If the person you liked or reblogged a post from wasn’t the original poster (i.e., you’re liking or reblogging a reblog), it also counts as user engagement for the original poster, and shows up in their notifications as well.  
This means that user engagement from your likes and reblogs can potential accrue to two different people, the original poster and the person you liked or reblogged from.  
Consequently, you cannot “steal” user engagement from someone by reblogging their post.  
This is one of the very few areas where Tumblr is actually functions more reasonably than other social media platforms.  
Note that this is only true if you use Tumblr’s built-in reblogging function.
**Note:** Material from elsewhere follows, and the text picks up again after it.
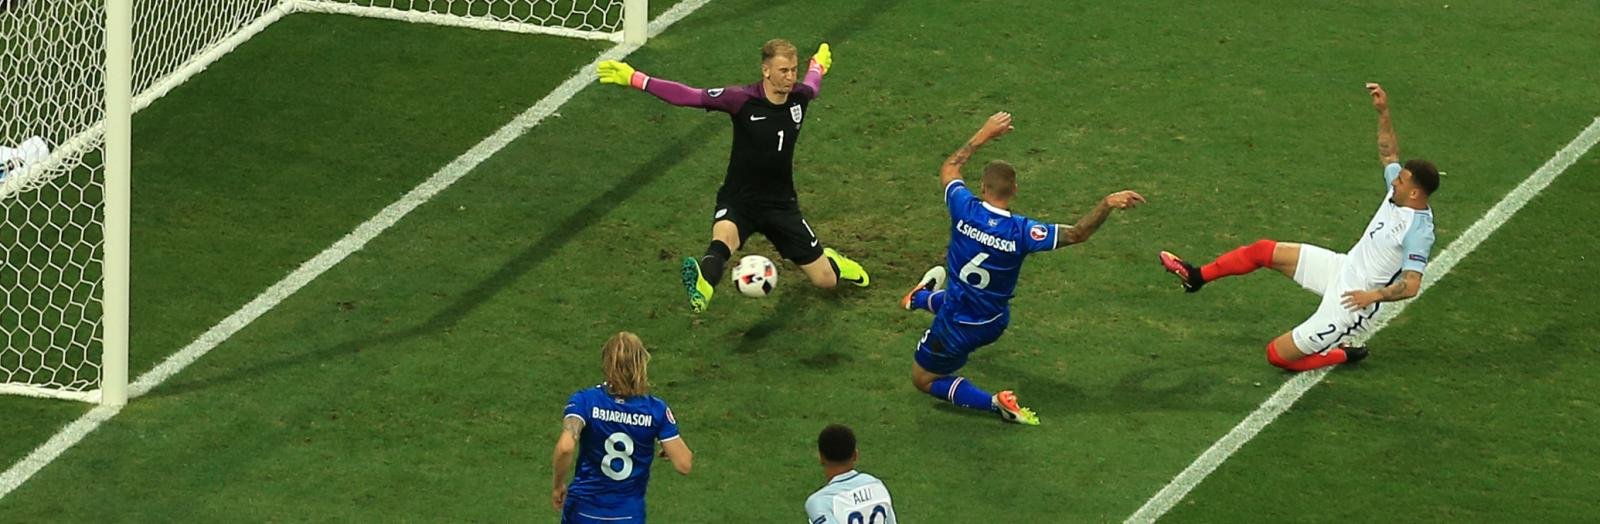 England 1-2 Iceland: EURO 2016 Round of 16 Report

If you save someone else’s content to your local device and append it to a new post, you effectively become the original poster from that point on.  
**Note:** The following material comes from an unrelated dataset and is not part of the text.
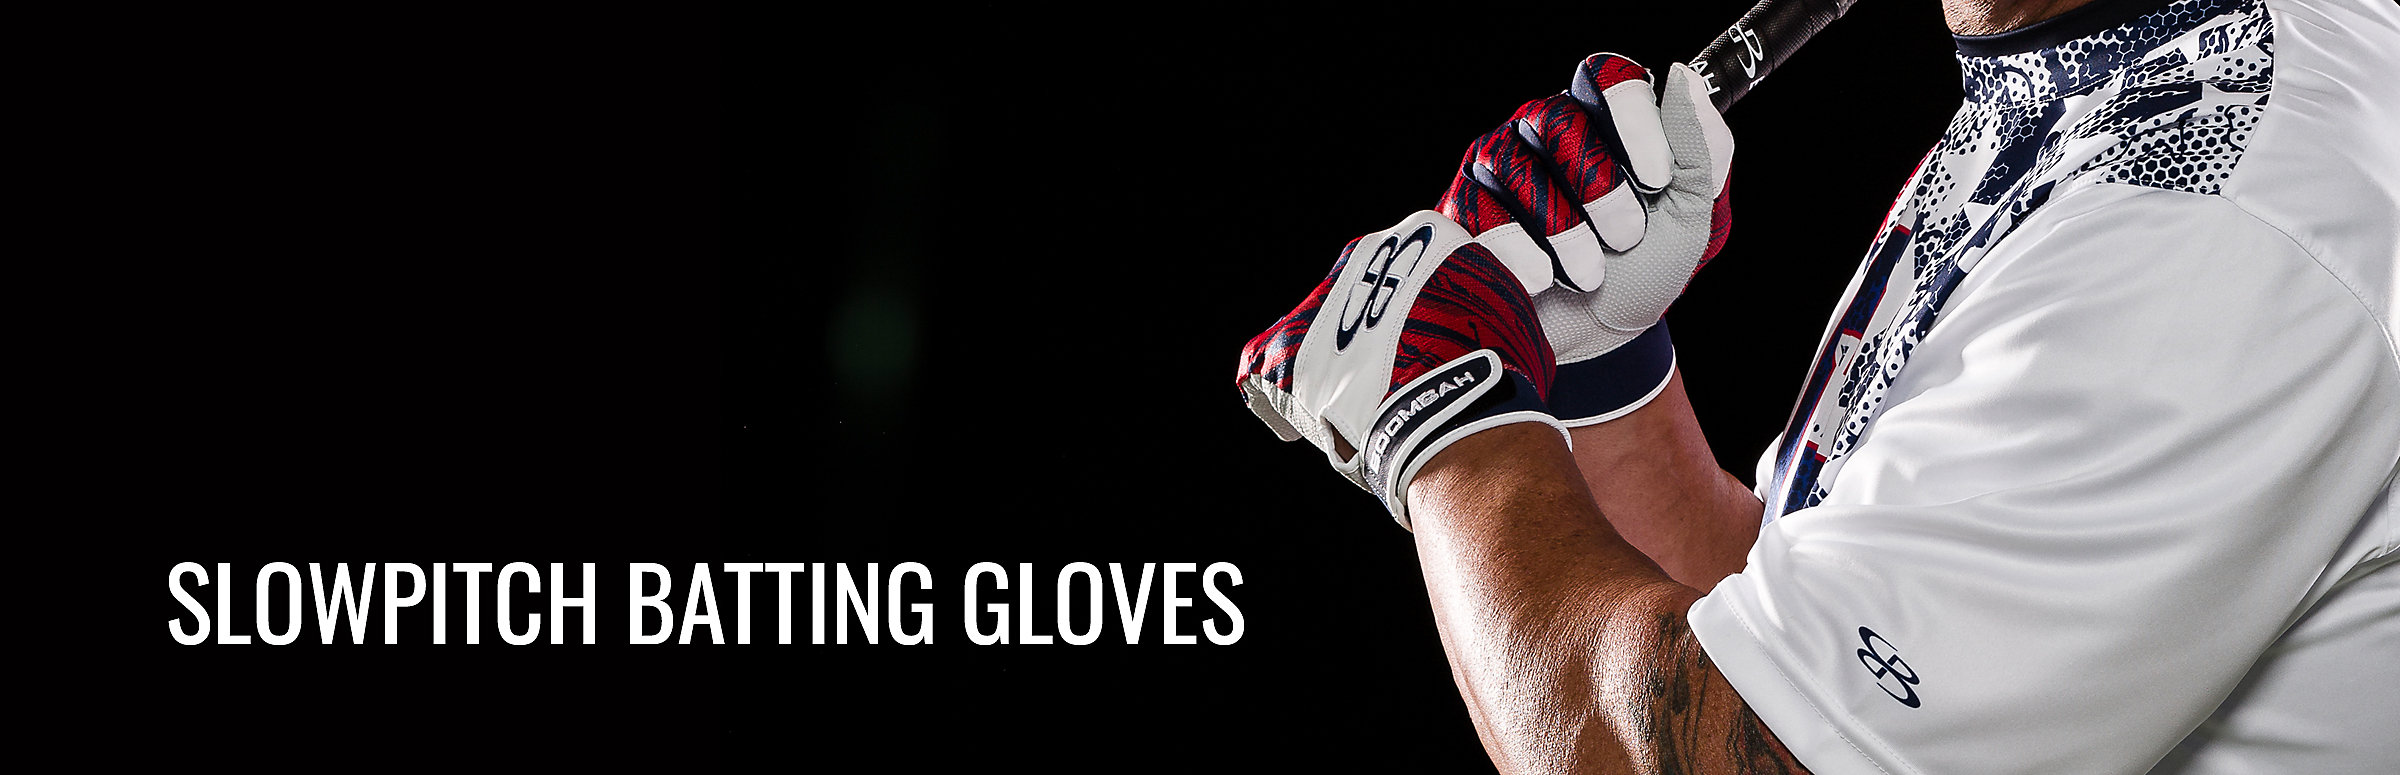 Softball Batting Gloves

This means that on Tumblr, “reblogging” and “reposting” are two different things; if you see someone complaining about “reposting”, this is not the same as reblogging.  
Commenting when reblogging does not affect any of this – unlike, say, Twitter, where quote-retweeting causes user engagement to accrue to the quote-retweet and not to the original tweet – and you can and should do so freely.  
However, every Tumblr user can see who exactly you reblogged a post from, which functions as a soft disincentive against making inane comments; if you make a dumb comment on a reblog, people who see your reblog may “back up” one step in the reblog chain to reblog a version of the post without your comment.  
Nobody understands tags, and there’s a fair amount of evidence that how tags work changes periodically and without warning.  
Tags are a divine mystery.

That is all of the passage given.